The General Counsel presented no witness to testify to precisely this alleged statement. However, I credit portions of the testimony of employees Juanita Contreras, Carmen Ortiz, and Joyce Cooper in this regard. A composite of their testimony reflects that the day after Matarazzo arrived in San Diego, Contreras, Ortiz, and Cooper dropped by his office to welcome him. In the course of the conversation, Matarazzo referred to a former union official who had worked for him in New York, saying that if this employee had not fought Matarazzo he would not have been fired. Matarazzo indicated that he would not forget it if an employee challenged him or fought him, by filing complaints with his superiors or the union, and would be keeping a list in his desk of employees who did this.
2. Alleged June 1991 Statement
The complaint alleges that in June 1991, Respondent, through Charles Gorham, Supervisor, San Diego Area Office, "told an employee that actions, including closer scrutiny of her work, would not have been taken against the employee if the employee had not filed a grievance."
Juanita Contreras testified to substantially this statement (Tr. 126, 151). However, I credit the testimony of Respondent's witnesses, including Supervisor Charles H. Gorham, District Director Dorothy Porter, and Jerry Jensen concerning Ms. Contreras' performance, her attitude toward supervision, and the discussions concerning her performance, and find, under all the circumstances, that the statement was not made.
3. August 7, 1991 Memorandum of Counselling
The complaint alleges that on August 7, 1991 Respondent issued Contreras a Memorandum of Counselling because Contreras engaged in protected activity.

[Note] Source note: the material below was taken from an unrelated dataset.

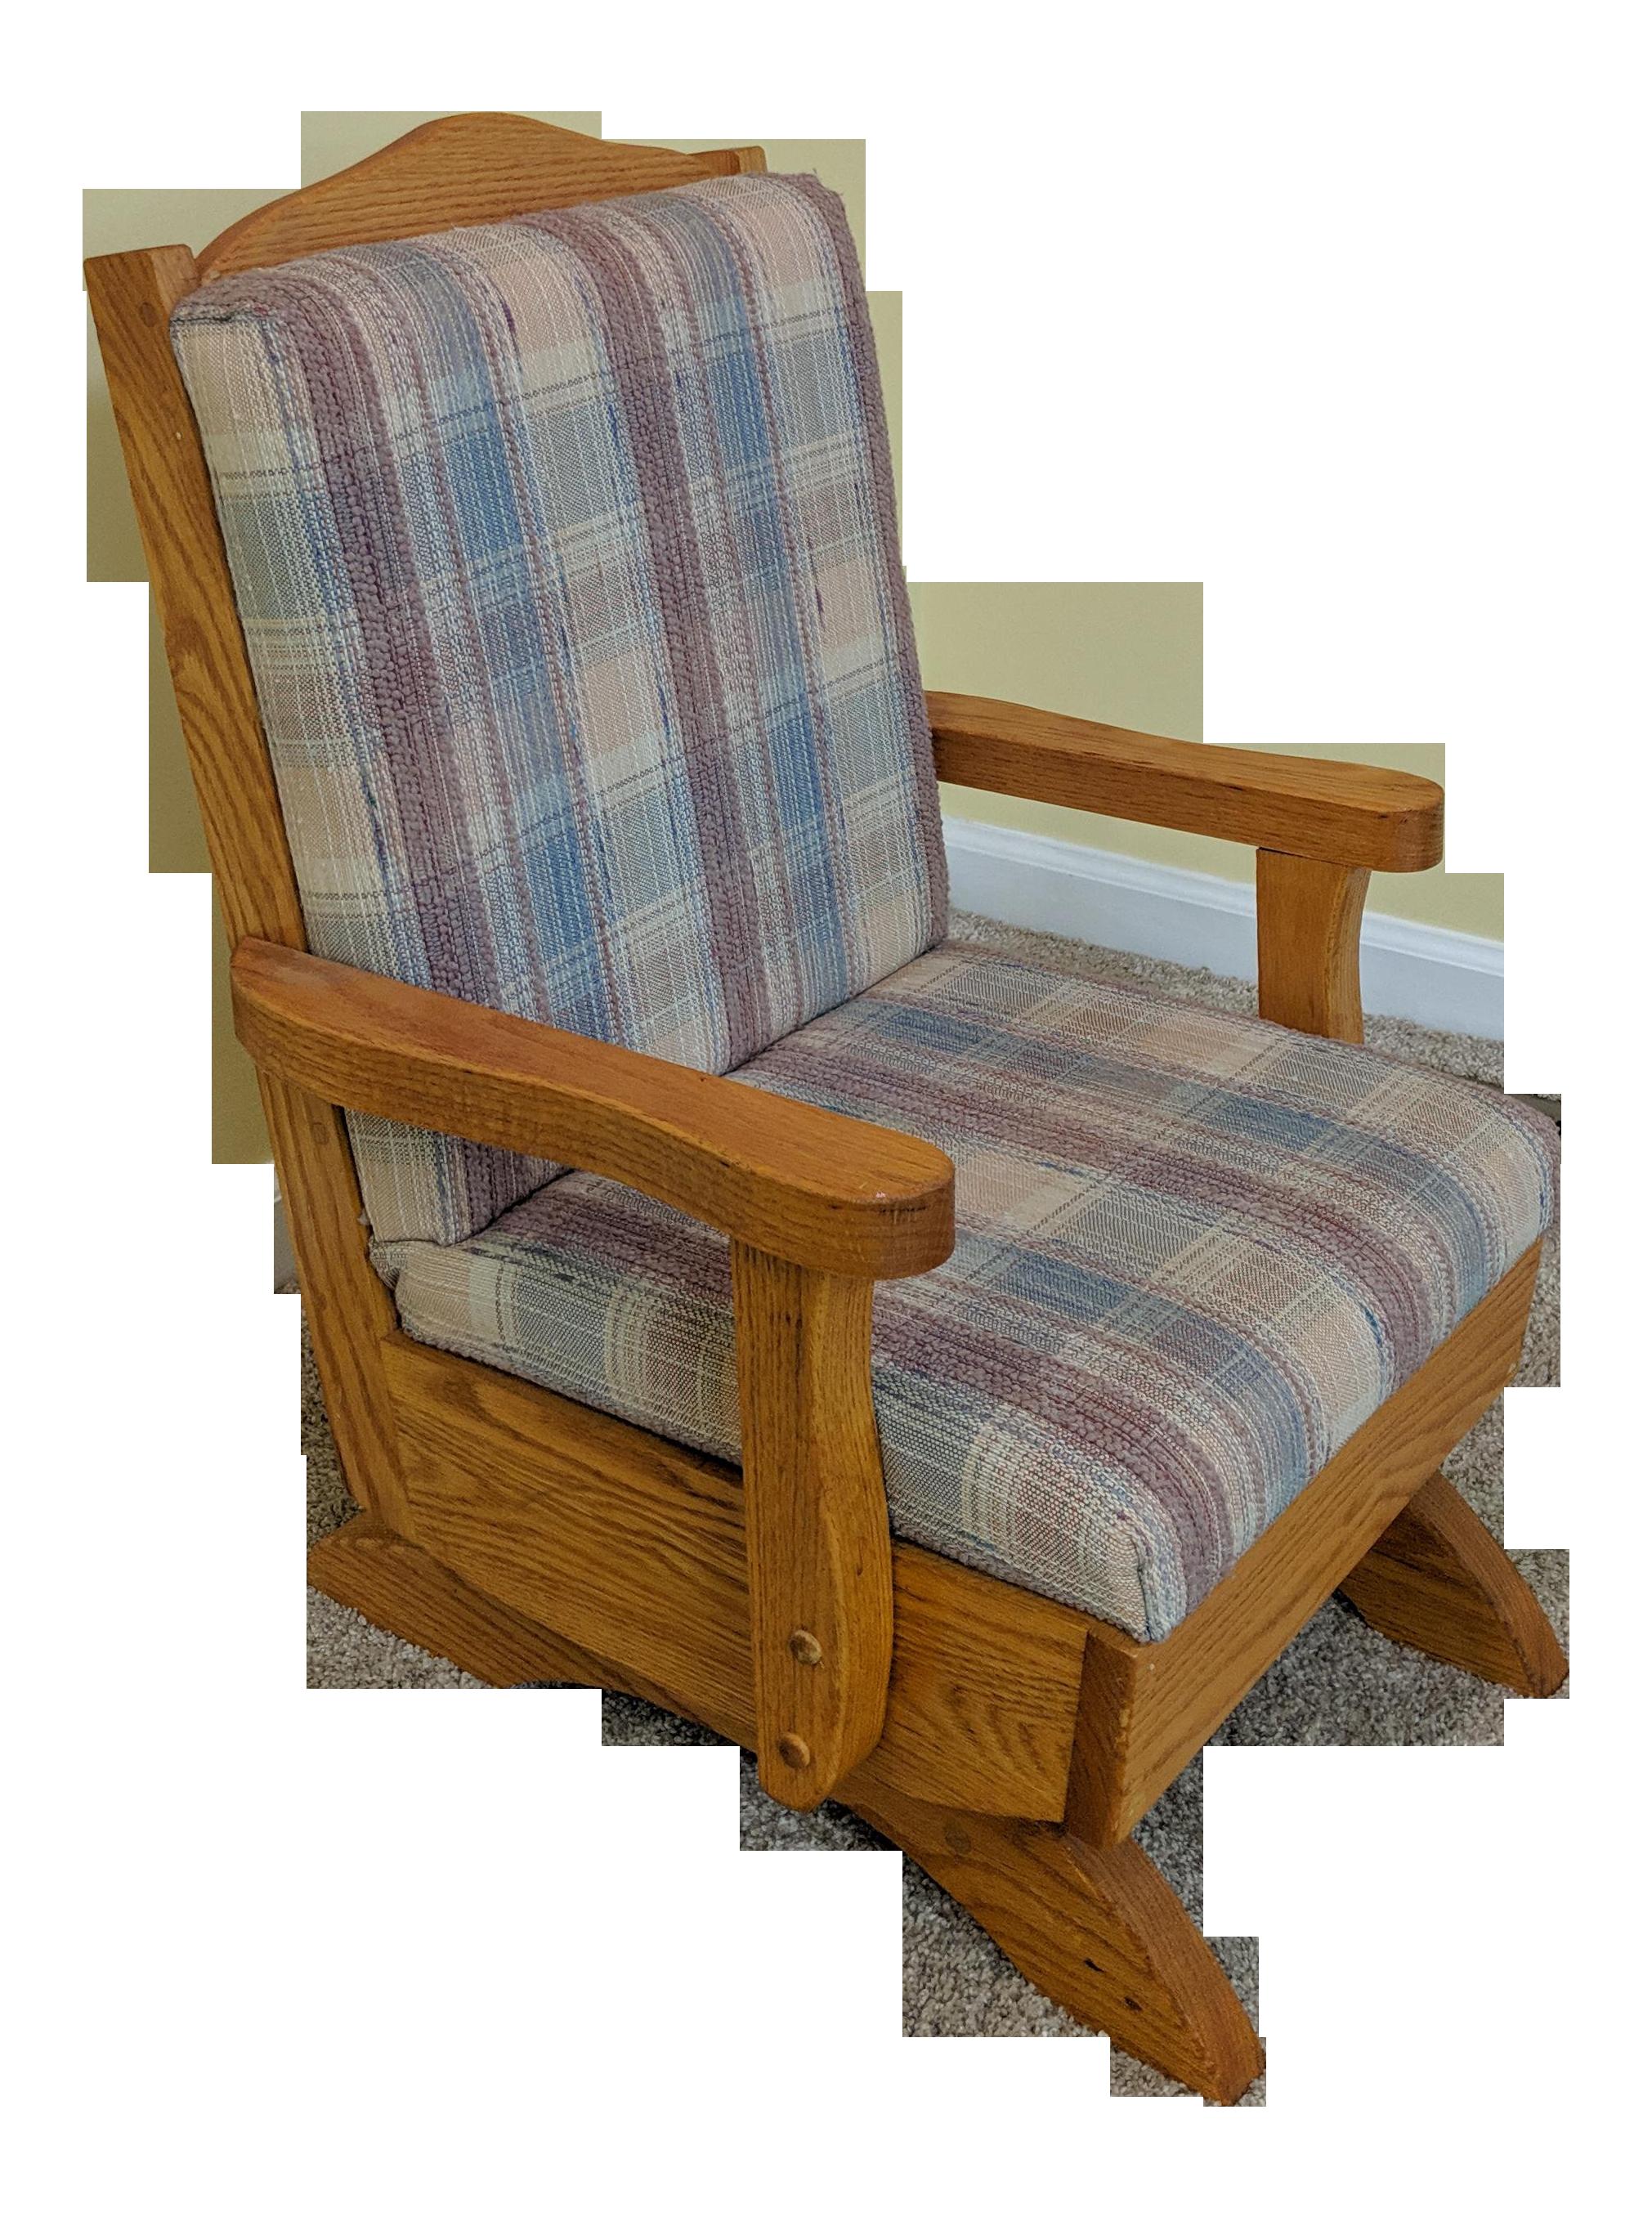 1980s Vintage Childrenu0027s Cushioned Wood Rocking Chair For Sale  sc 1 st  Chairish & Vintage u0026 Used Rocking Chairs for Sale | Chairish

On May 20, 1991 a grievance was filed on behalf of the employees in Respondent's San Diego office. The grievance alleged that Area Director Matarazzo had made various comments which adversely affected the "quality of work life in the San Diego Area Office . . . ." Contreras was one of the employees who made allegations which formed the substance of the grievance. She, along with two other investigators, Ortiz and Cooper, later objected to a proposed settlement of the grievance and obtained a different union representative to handle the grievance.
On August 7, 1991 Juanita Contreras was issued a counselling memorandum because of her disrespectful conduct toward her supervisor. At trial, Ms. Contreras denied having been disrespectful to Mr. Gorham and, indeed, denied having ever been disrespectful to any supervisor. Yet, the encounter described by Mr. Gorham in the counselling memorandum in question is remarkably similar to Acting Director Jensen's description of an encounter that he had with Ms. Contreras in 1990. Both Mr. Jensen and Mr. Gorham testified to what was perceived as Ms. Contreras' irrational response to something they had said or done. Both described incidents in which Ms. Contreras angrily confronted them at a time when they were trying to leave the office. Both also described how Ms. Contreras disregarded their need to leave the office and demanded that her concerns be immediately addressed.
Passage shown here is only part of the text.